During these unfortunate expeditions, Grey had shown a generous spirit of self-sacrifice combined with high courage and a fine enthusiasm for geographical discovery. But his lack of experience and his ignorance of the local seasonal conditions counterbalanced these, and explained his failures. Afterwards he became Acting Government Resident at Albany, on King George’s Sound, and he was at a critical period Governor of South Australia. But Australia proper saw little of him in his after prime, and his fame was built up elsewhere, in New Zealand and at the Cape of Good Hope.
Grey’s reports left doubt as to the precise value of the country he traversed under such trying circumstances, but he is justly credited with the discovery of many rivers on the west coast — the Grey, the Buller, the Chapman, the Greenough, the Arrowsmith, the Hutt, the Bowyer, and those important streams, the Murchison and the Gascoyne.
17.3. AUGUSTUS C. GREGORY.
[Illustration. Augustus C. Gregory, 1880. Photo, Freeman, Sydney.]
In 1846 we come upon a name destined to become linked with the history of exploration in most parts of Australia. There were three notable brothers of the name of Gregory; but as their expeditions, at least those of Augustus and Frank, were conducted independently, with the exception of the first, we shall deal with them separately. H.C. Gregory, it is true, associated his work mostly with that of his brother, A.C. Gregory, generally in a subordinate position, but Frank Gregory won nearly equal fame with his brother Augustus as an independent explorer.

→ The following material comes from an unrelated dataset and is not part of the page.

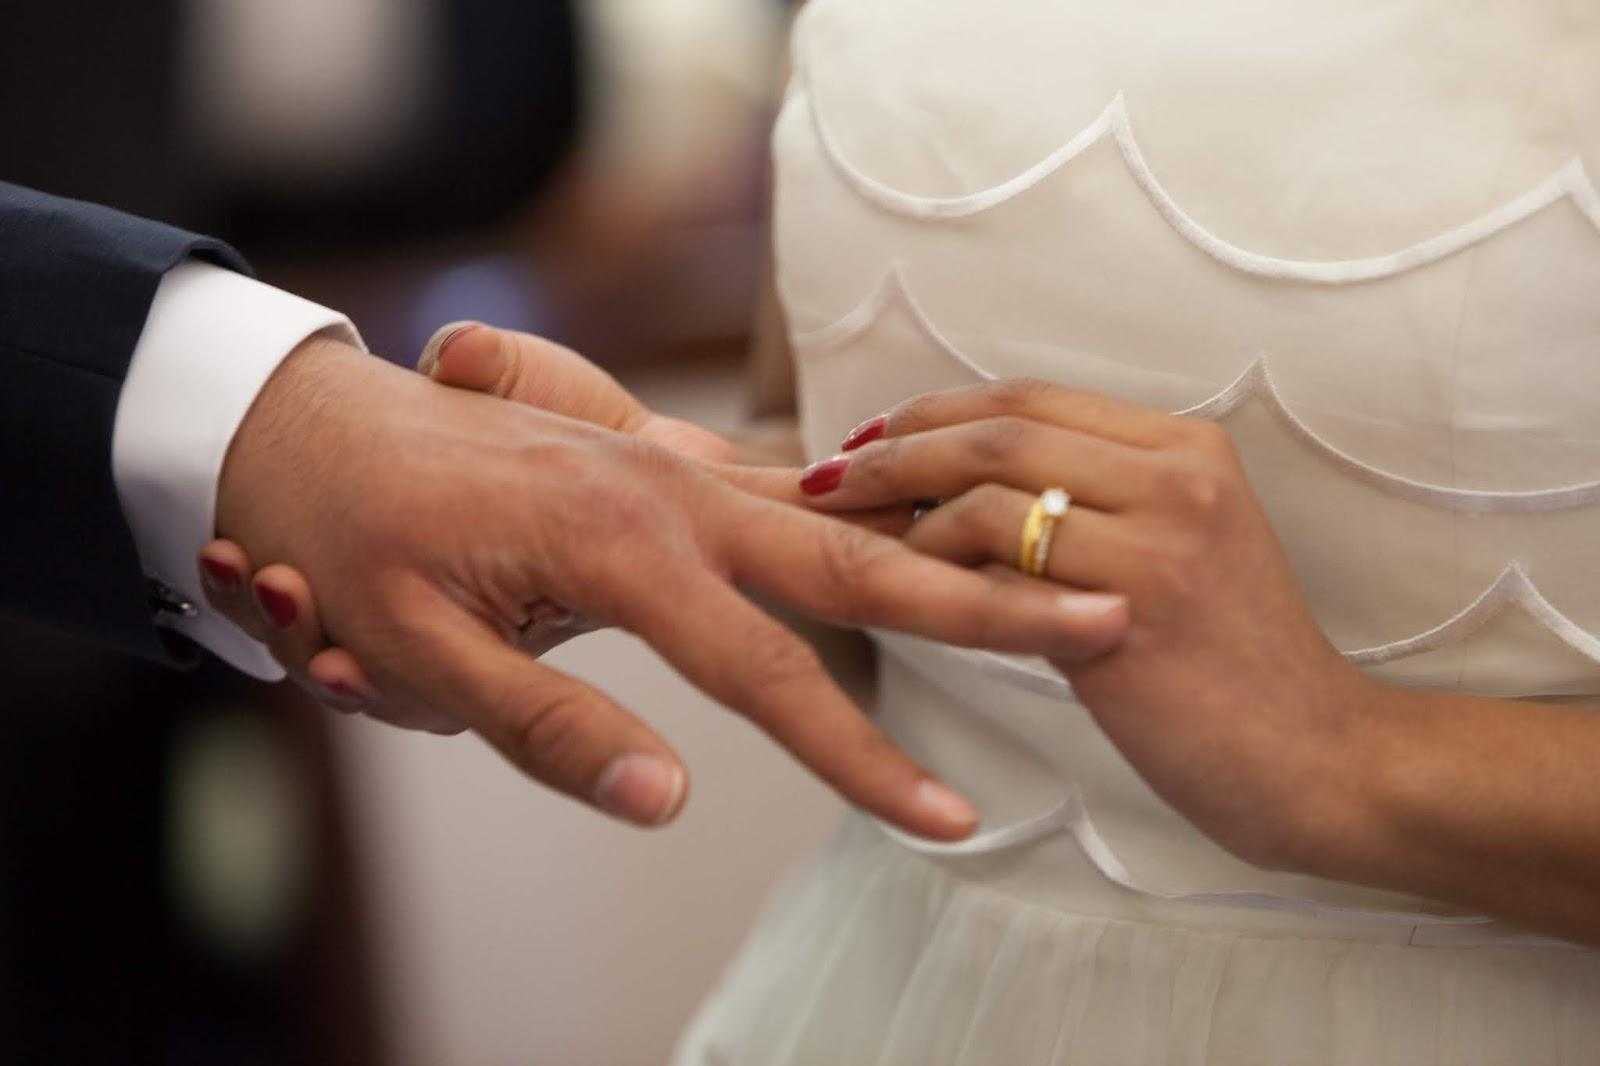 Kriteria Pasangan yang Bisa Mendapat Restu dengan Mudah

A.C. Gregory was the son of Lieutenant J. Gregory of the 78th Highlanders. He was born at Farnsfield, Nottinghamshire, in 1819, and came to Western Australia with his parents in 1829 in the Lotus, 500 tons, Captain Summerson, the second passenger ship that sailed for Western Australia. Lieutenant Gregory had five sons in all: William, Augustus, Francis, Henry, and James. The Lotus reached Fremantle about the 10th of October, 1829. Captain Gregory had been obliged to retire from active service, being incapacitated by serious wounds received at El Hamed, in Egypt, and held a large grant of land from the Imperial Government in lieu of pension. On this grant, situated not far from Perth, he established a farm, and on that farm Augustus and his brothers received the balance of their education and underwent their course of bush training. Augustus, after his last expedition, was appointed in 1859 Surveyor-General of Queensland, in which colony he settled down later, after retiring from active official life. He had a seat in the Legislative Council, and was a prominent freemason. He was created C.M.G. in 1874, and K.C.M.G. in 1903, and had several honours conferred upon him by the Royal Geographical Society. He died in Brisbane, in 1905.